Orhan Pamuk: “We are very attached to our buildings, squares, monuments, trees, parks because they trigger our memories. Only through objects we remember things, we experience them. Not just cigarette butts, salt shakers, or ashtrays in our daily lives, but trees, parks, buildings. They also make us remember. A city, if you live in it for 63 years like me, turns into a sort of index for everything pointing to our memories. But once these monuments and trees begin to be destroyed we feel first of all not a political but a very personal energy and anger to preserve them, like an animal. Like a dog who watches out for his womb. Because we want to preserve them. It’s something very instinctual. In Ghezi Park that kind of thing gained political dimensions, Erdogan mismanaged it, and a little green park become connected to a more secular anger with Erdogan. But anger against Erdogan is not only [about] the destruction of Istanbul. In fact that’s a minor thing.
 And what impression did the all the destruction and construction in Istanbul make on you, Mr. Gee?

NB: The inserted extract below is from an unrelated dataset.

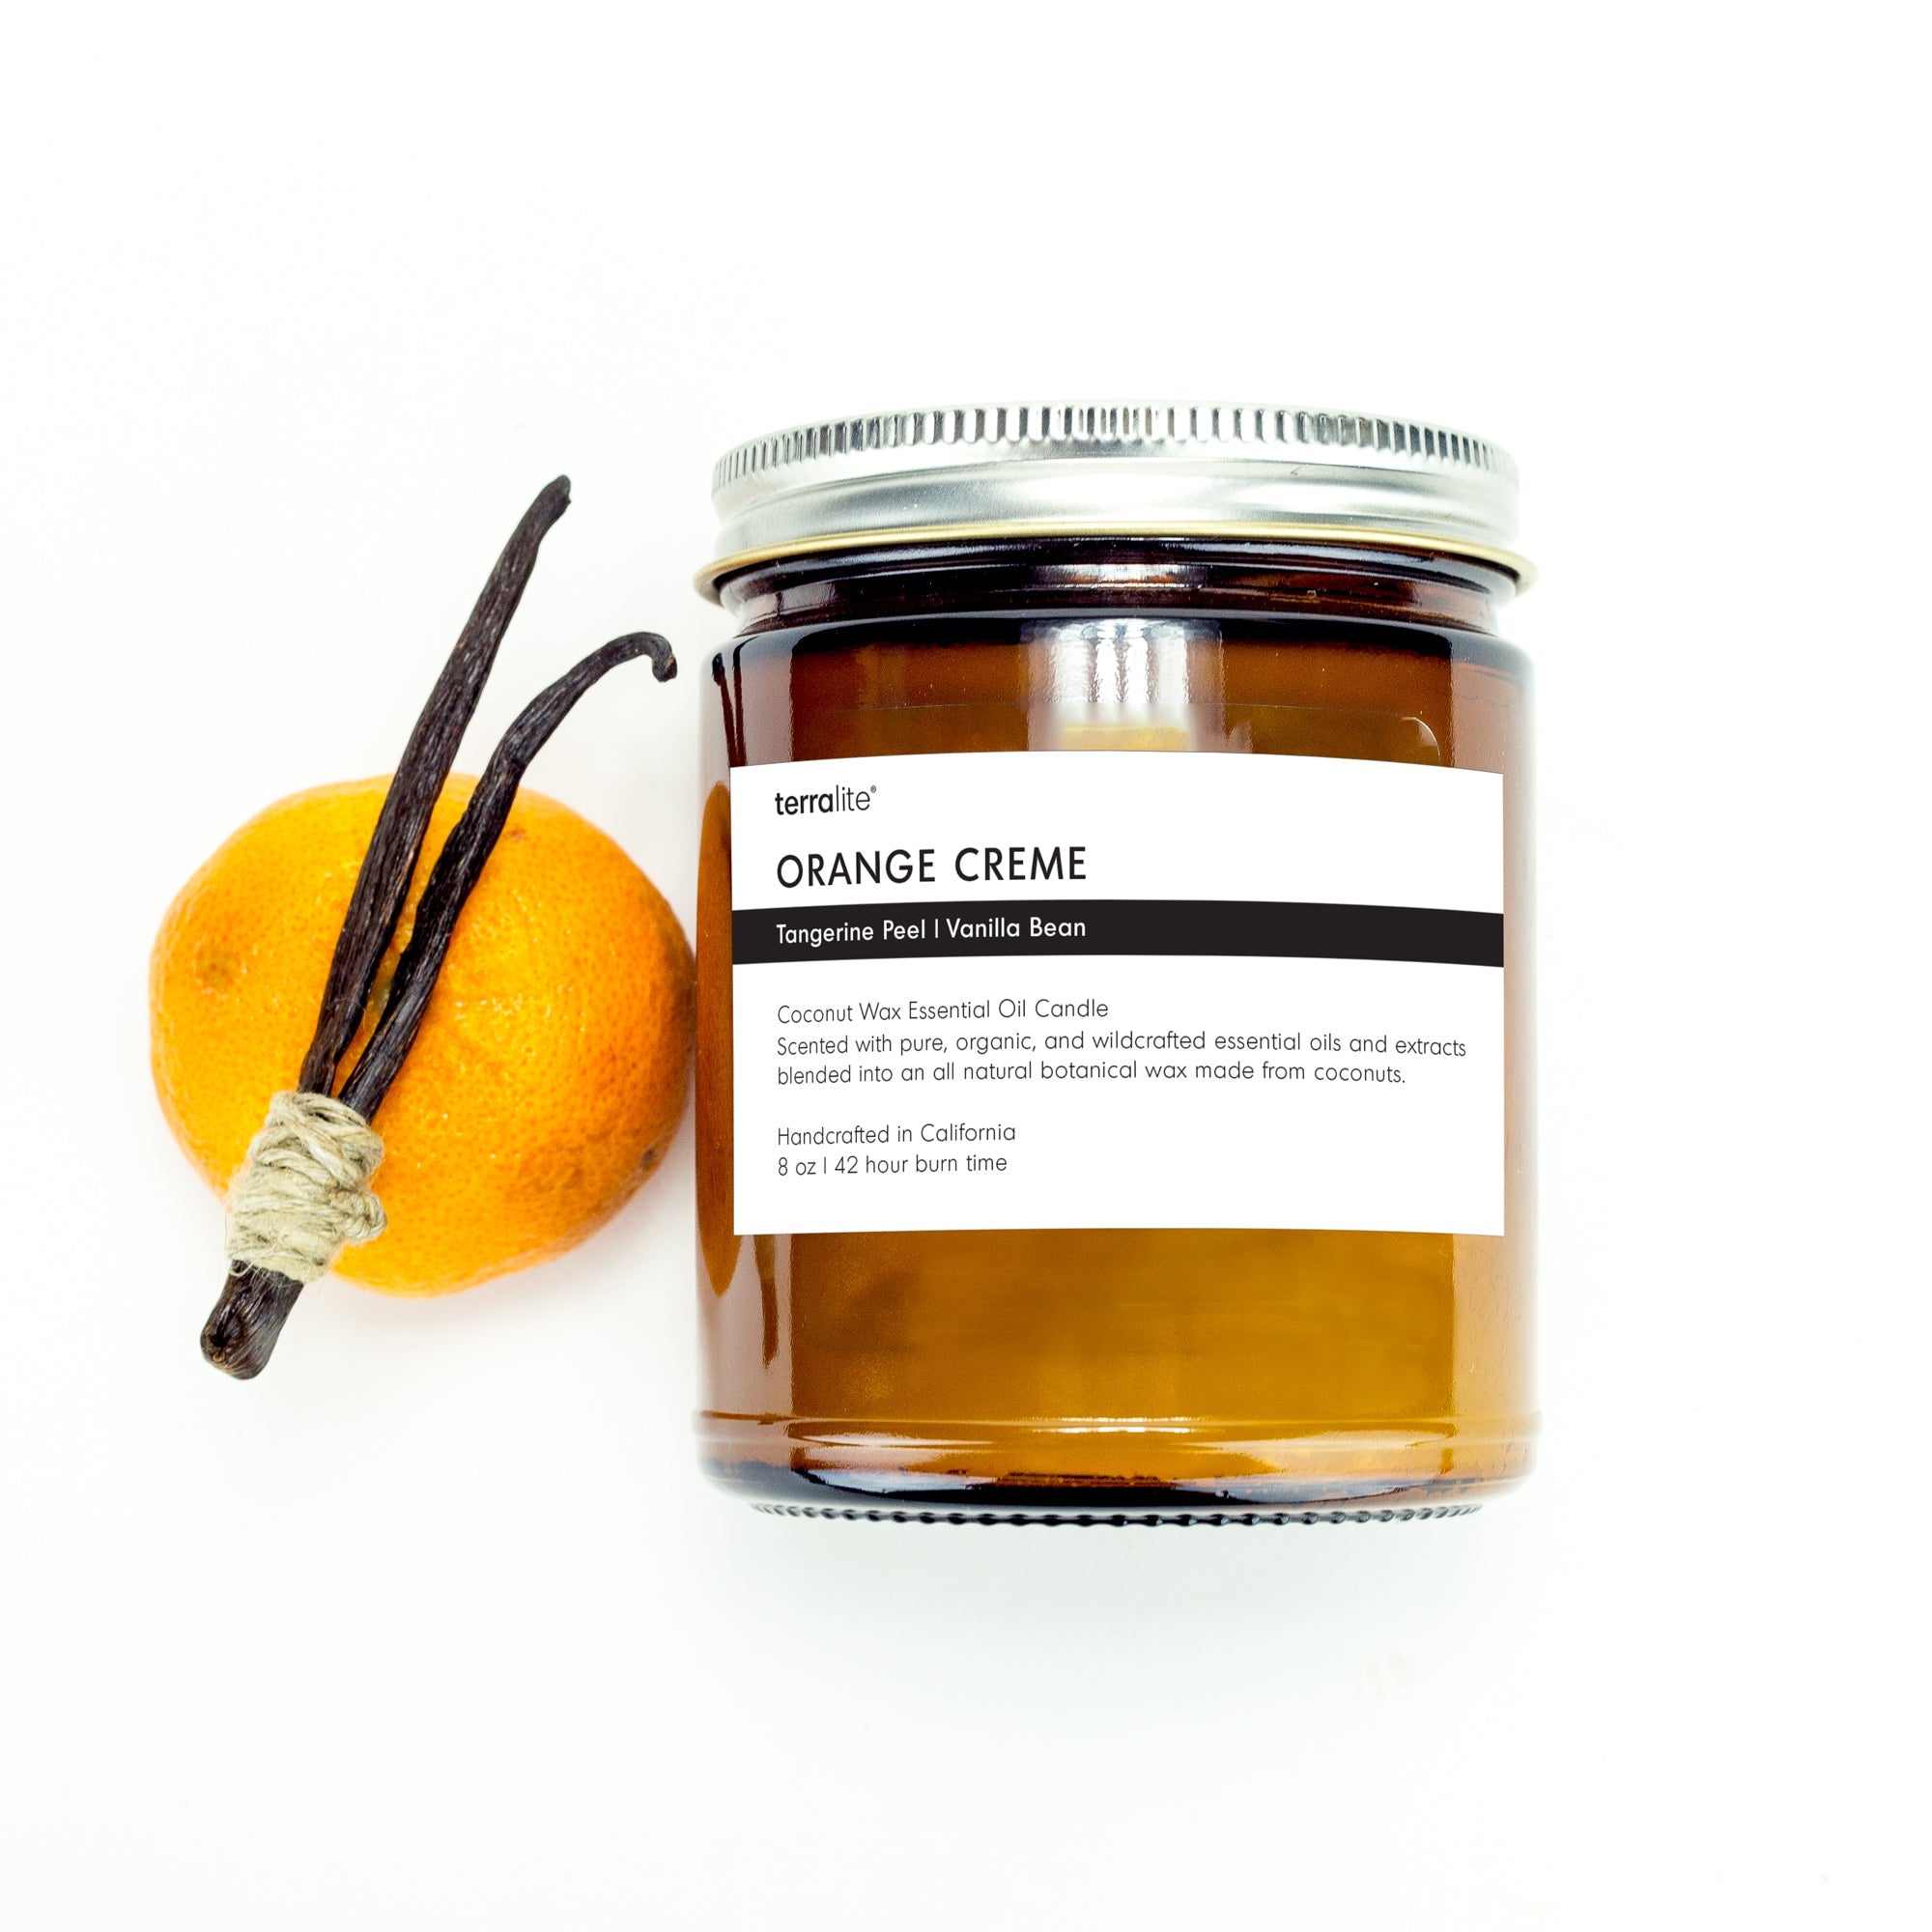 Orange Creme essential oil candle scented with Sweet Orange, Tangerine, and Vanilla essential oils and plant extracts.

Grant Gee: "I read somewhere the other day that by 2050 seventy-five percent of the world’s population will live in cities of greater than ten million, which I think is think is just extraordinary That’s going to be the main unit in which the world’s population will exit, so these megacities will just start communicating with each other. When you are in Istanbul you can just feel this seismic thing; the ground is shaking. It’s almost like you turn around and the characters on the street are changing. It’s very exciting and also very scary. The excitement of creation and the scariness of destruction. The two things are simultaneous. That’s why it’s so interesting to be there."
Footnote: Grant has written to correct the off-the- top-of-his-head statistics. Its correct that by 2050, it is predicted that 75% of the world's population will be living in cities; but 10% of the world's population will live in megacities, each  housing over 10 million people.